An attorney's lien is of two kinds: one is called retaining alien and the other charging lien. The retaining lien is the right of the attorney to retain the funds, documents, and papers of
his client which have lawfully come into his possession until his lawful fees and disbursements have been paid and to apply such funds to the satisfaction thereof. The charging lien
is the right which the attorney has upon all judgments for the payment of money, and executions issued in pursuance of said judgments, which he has secured in litigation of his
client (Section 33, Rule 127; Rustia vs. Abeto, 72 Phil., 133). Under this rule, this lien, whether retaining or charging, takes legal effect only from and after, but not before, notice of
said lien has been entered in the record and served on the adverse party (Macondray & Company, Inc. vs.

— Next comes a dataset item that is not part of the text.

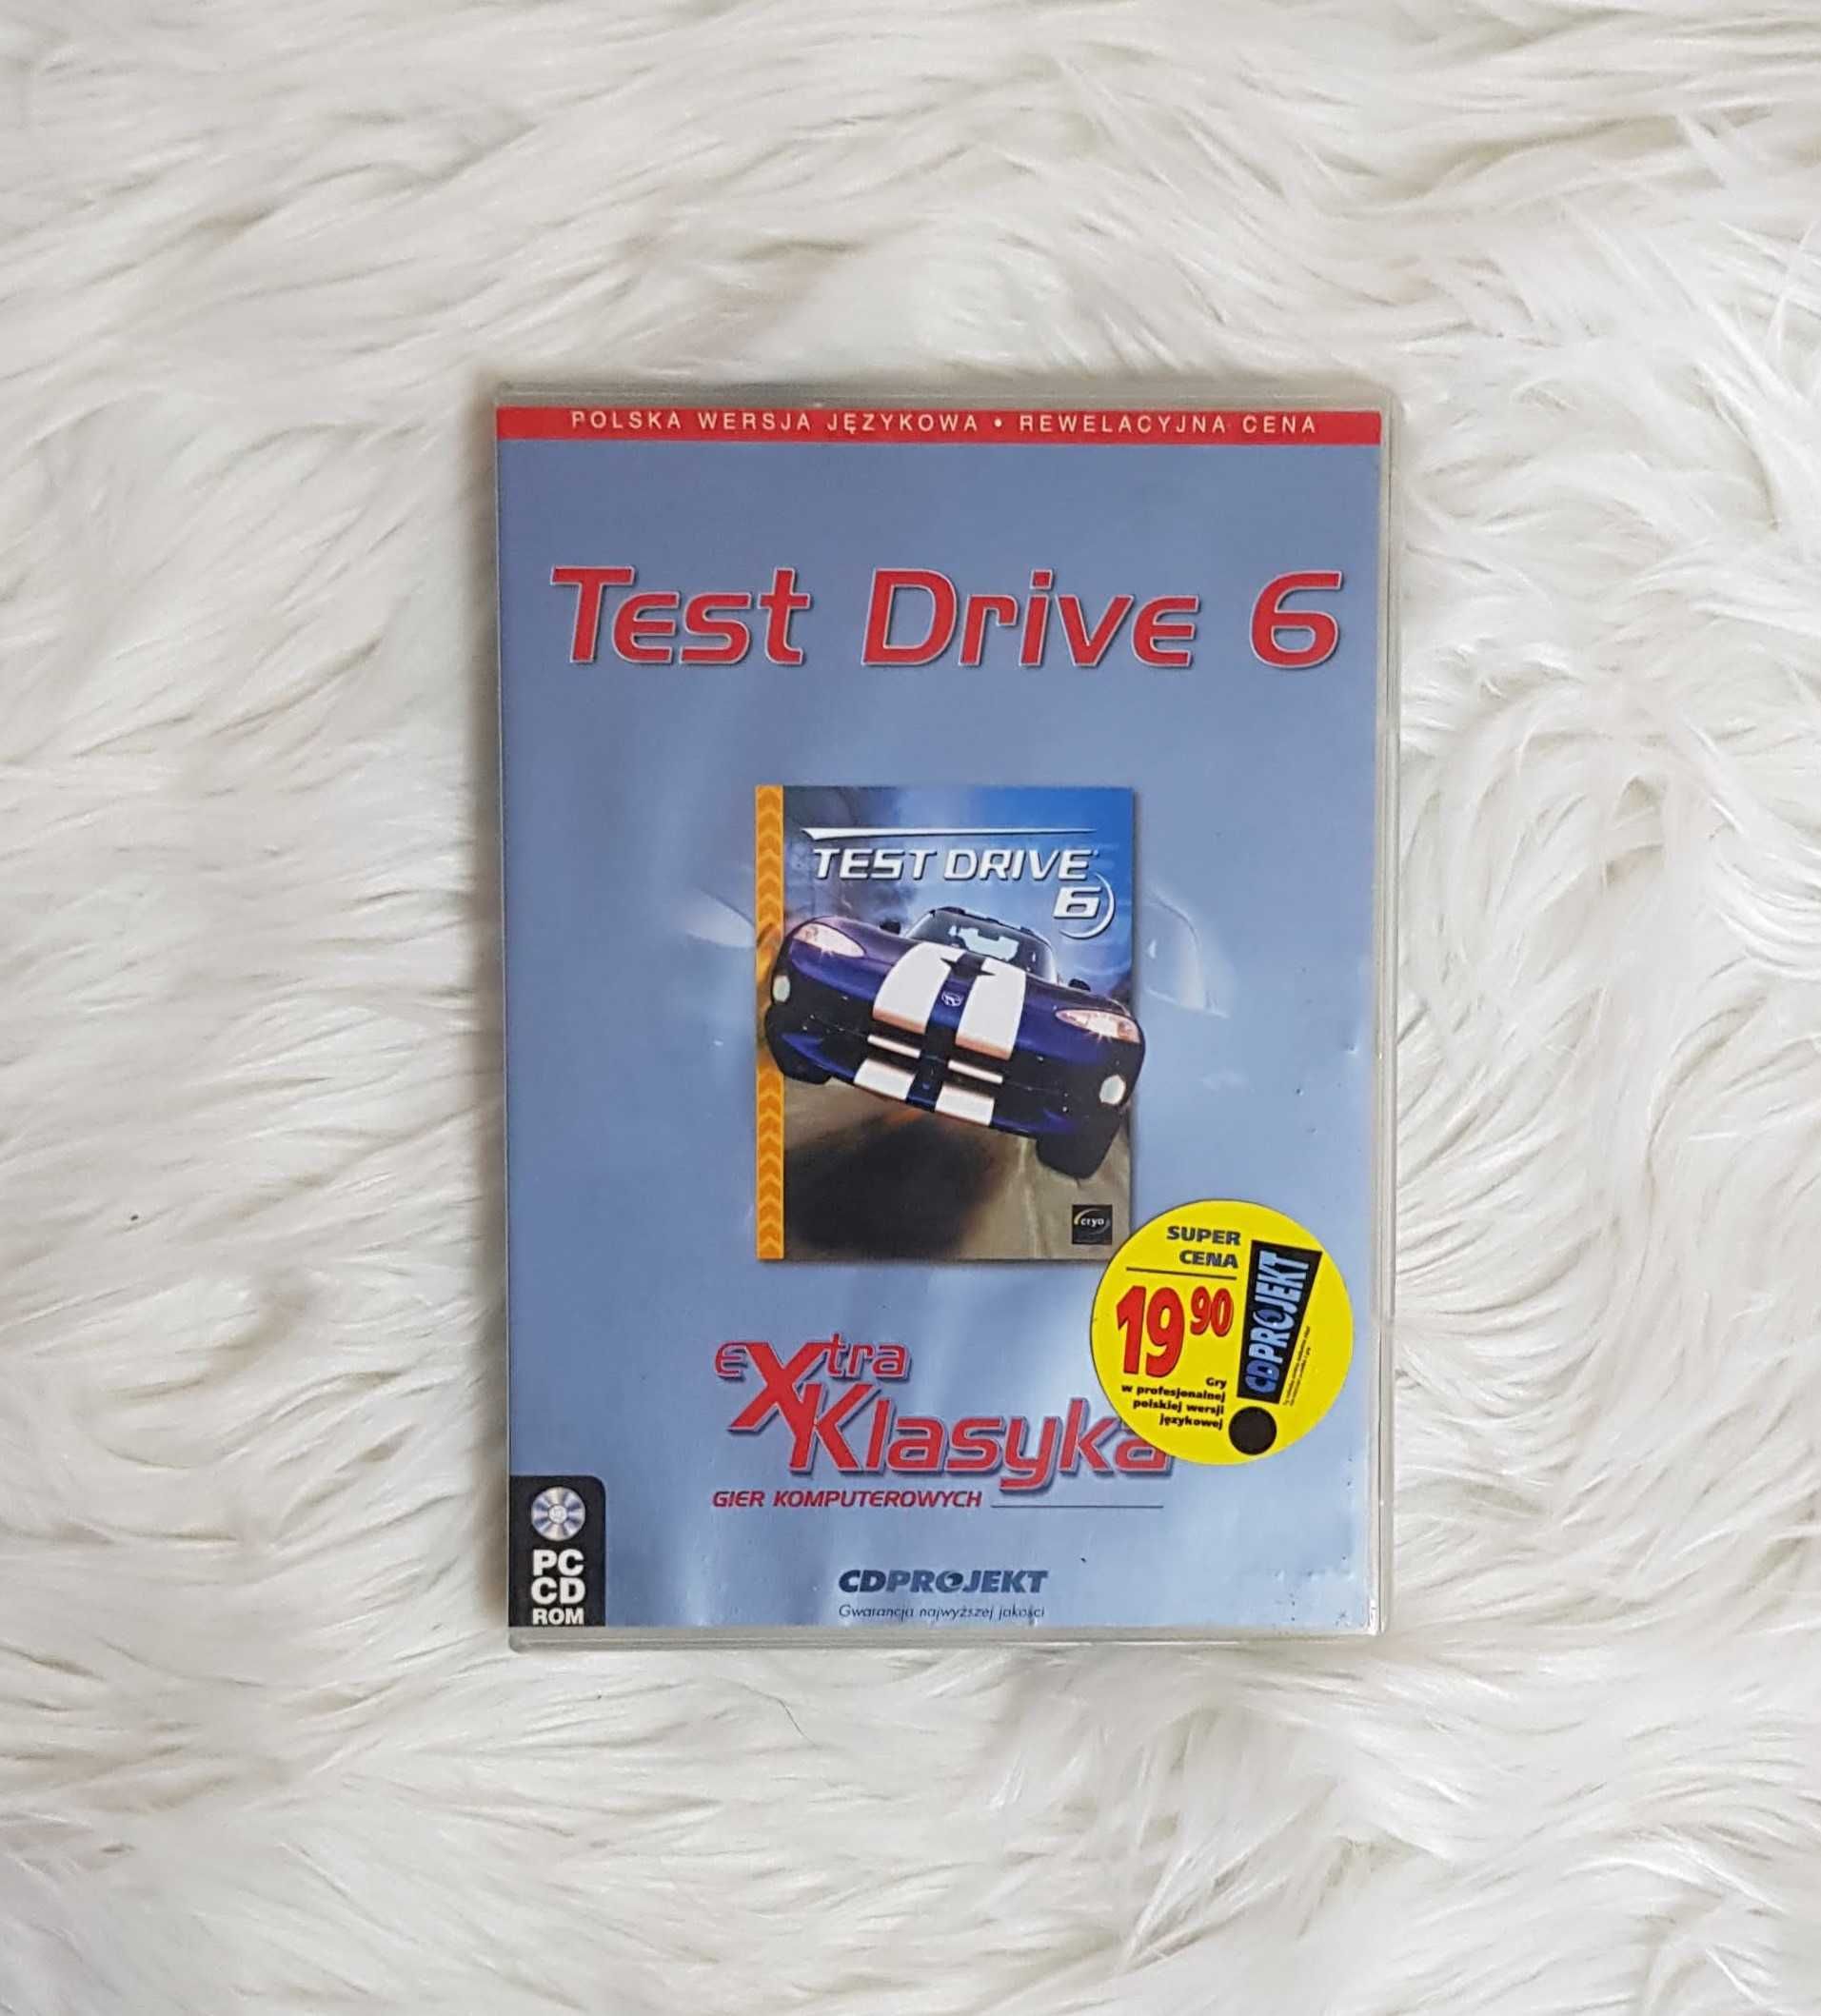 Test Drive 6 gra komputerowa PC wyścigi samochodowe wersja pudełkowa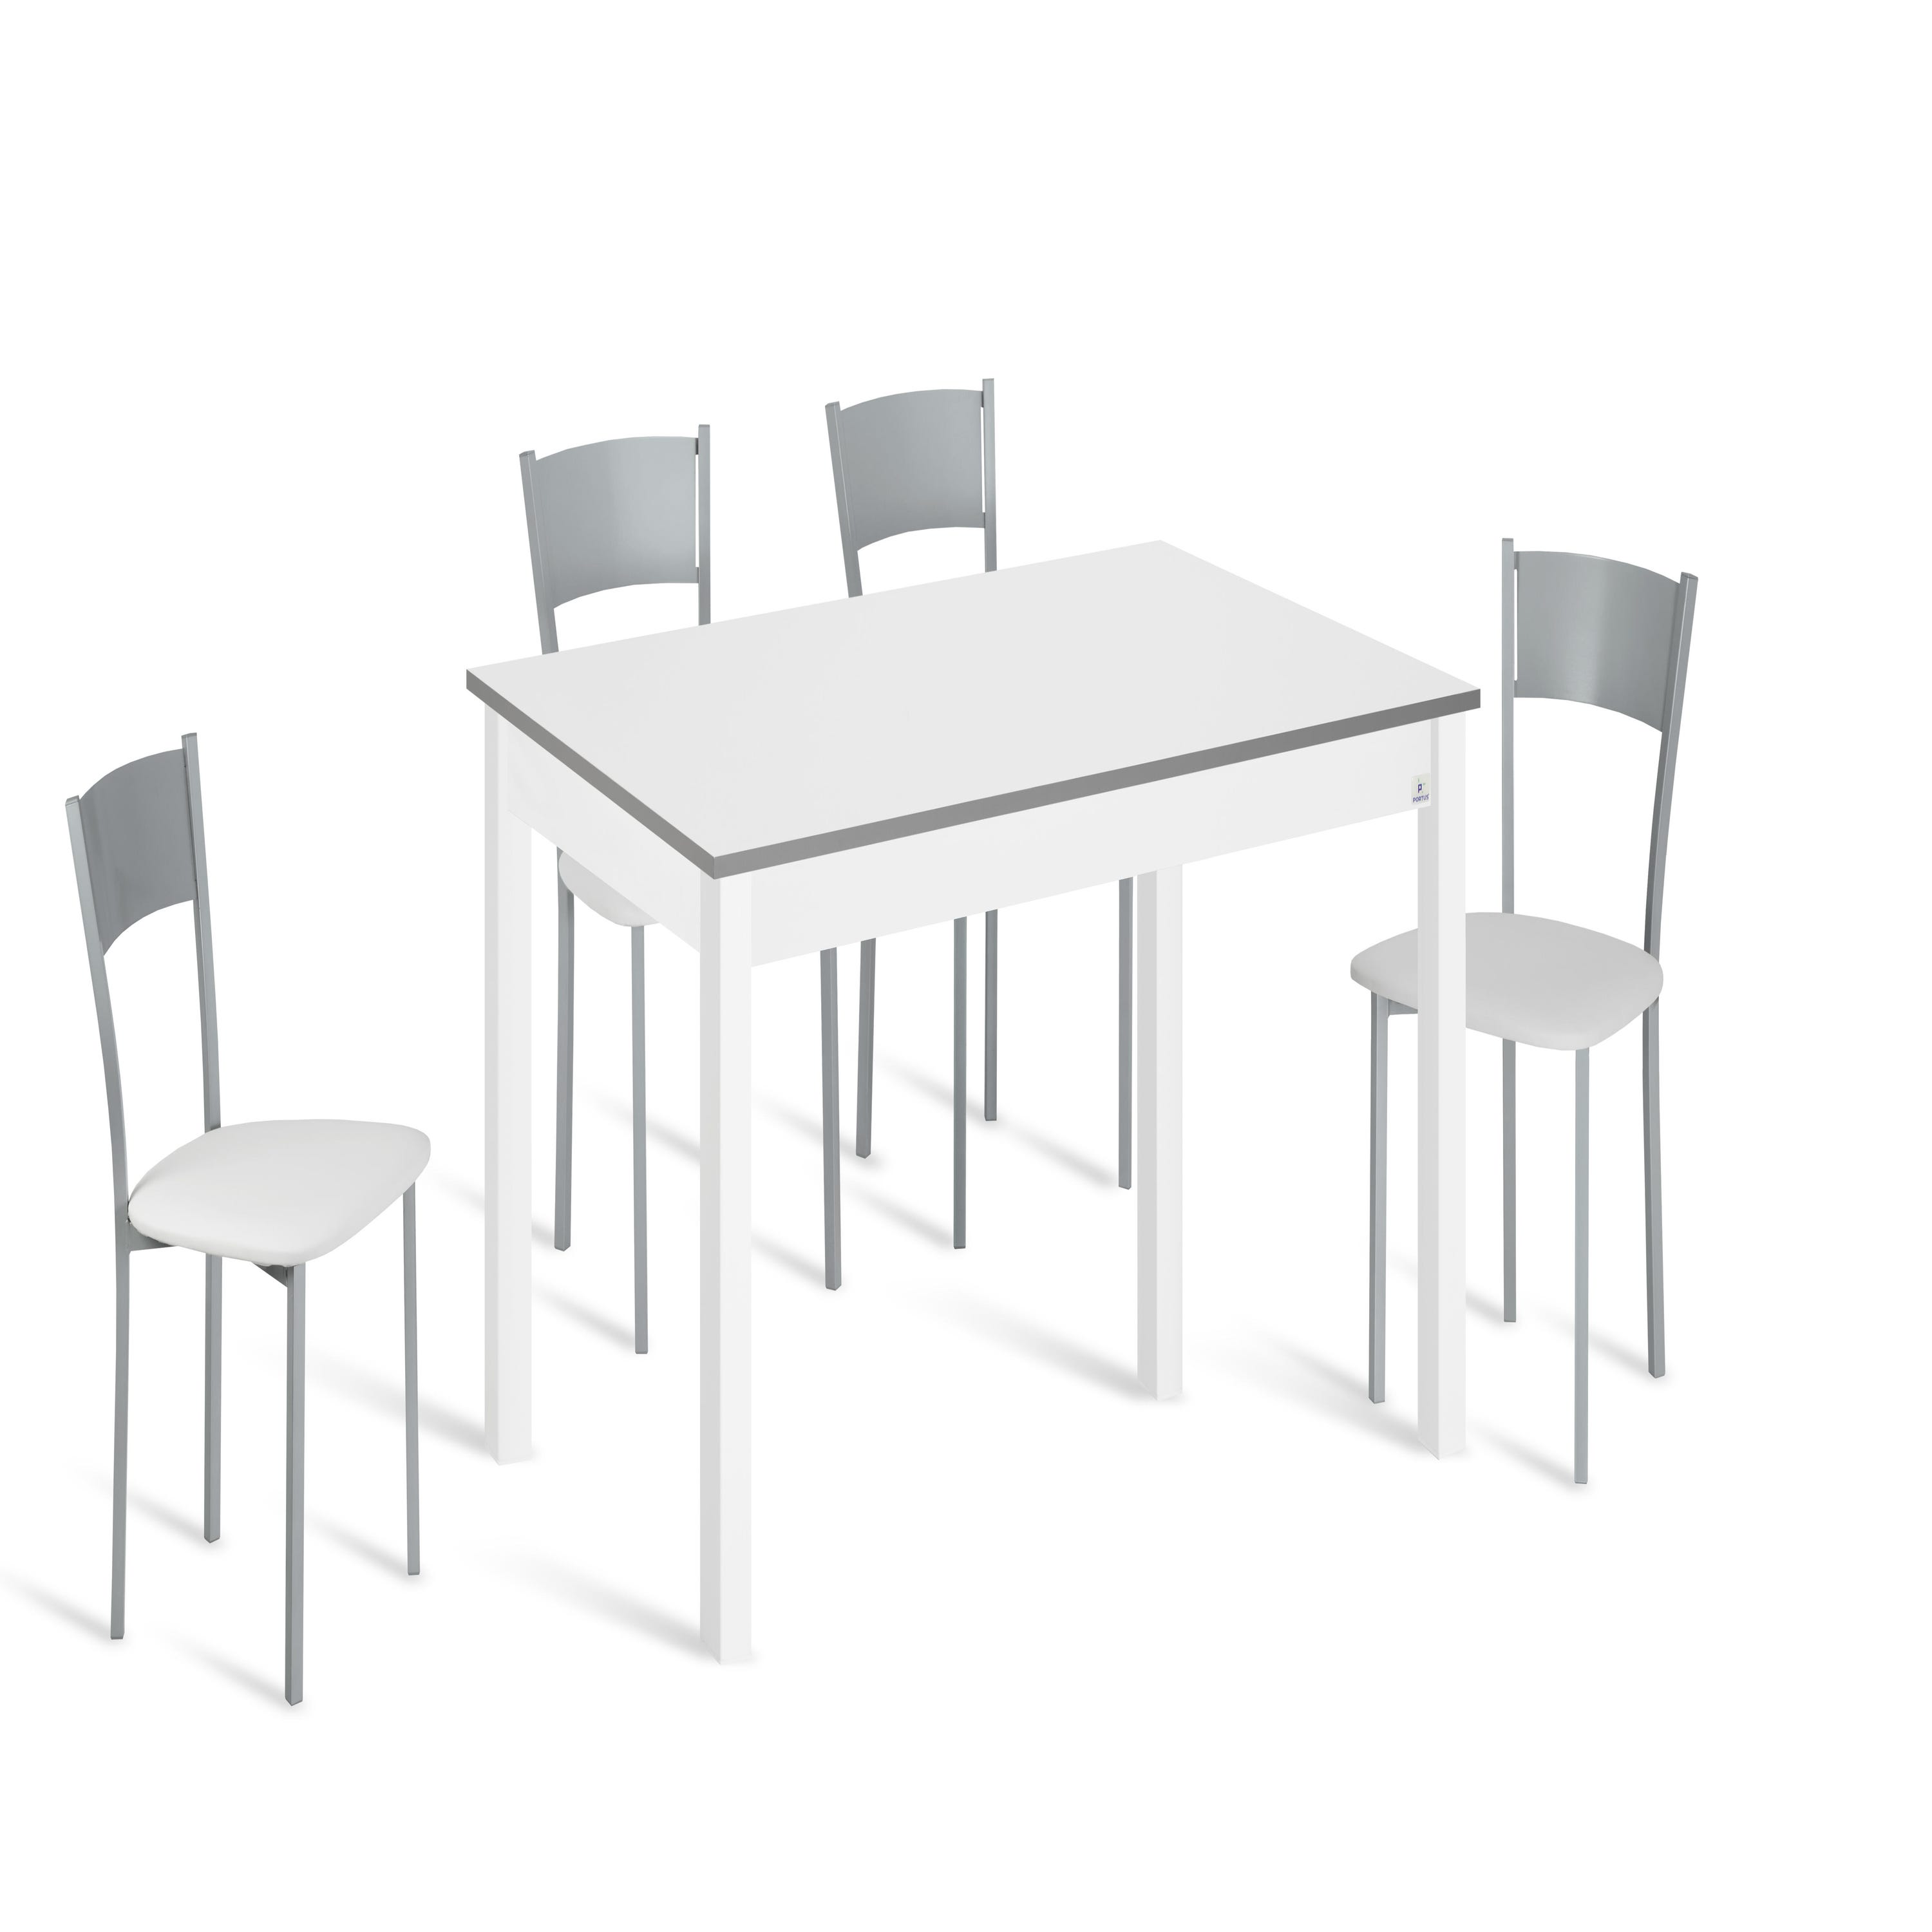 Conjunto mesa Meri 100x60 cm extensible con 4 asientos

Jose, 66 Phil., 590; Menzi and Company vs. Bastida, 63 Phil., 16).
It may therefore be seen that the right of a lawyer to insure the payment of his professional fee is either to retain the funds, documents, and papers of his client which may have
lawfully come into his possession, or to enforce it upon any judgment for the payment of money he may secure in favor of his client. And it has been held that the retaining lien is
dependent upon possession and does not attach to anything not in attorney's hands. The lien exists only so long as the attorney's retains possession ends (Rustia vs. Abeto, supra).
In the instant case, the lien which respondent attorney tried to enforce for the satisfaction of his professional fee is charging in the sense that his purpose is to make of record his
claim in order that it may be considered in the execution of the judgment that may be rendered in the case, and this he has already done. Thus, he had already caused a statement
of his claim to be entered in the record of the ejectment case and that is all what the rule requires of him to do. Certainly, he cannot go any further, such as what he led the trial court
to do, that is, to have his lien annotated on the back of the title of petitioners which is beyond the province of the court. The lien of respondent is not of a nature which attaches to the
property in litigation but is at most a personal claim enforceable by a writ of execution. The respondent judge has therefore exceeded his authority in issuing the order subject of the
present petition for certiorari.
Petition is granted. The order of respondent judge dated July 10, 1957 is hereby set aside. Costs against respondent Flaviano T. Dalisay, Jr.
Paras, C.J., Bengzon, Padilla, Montemayor, Reyes, A., Labrador, Concepcion, Reyes, J.B.L. and Endencia, JJ., concur.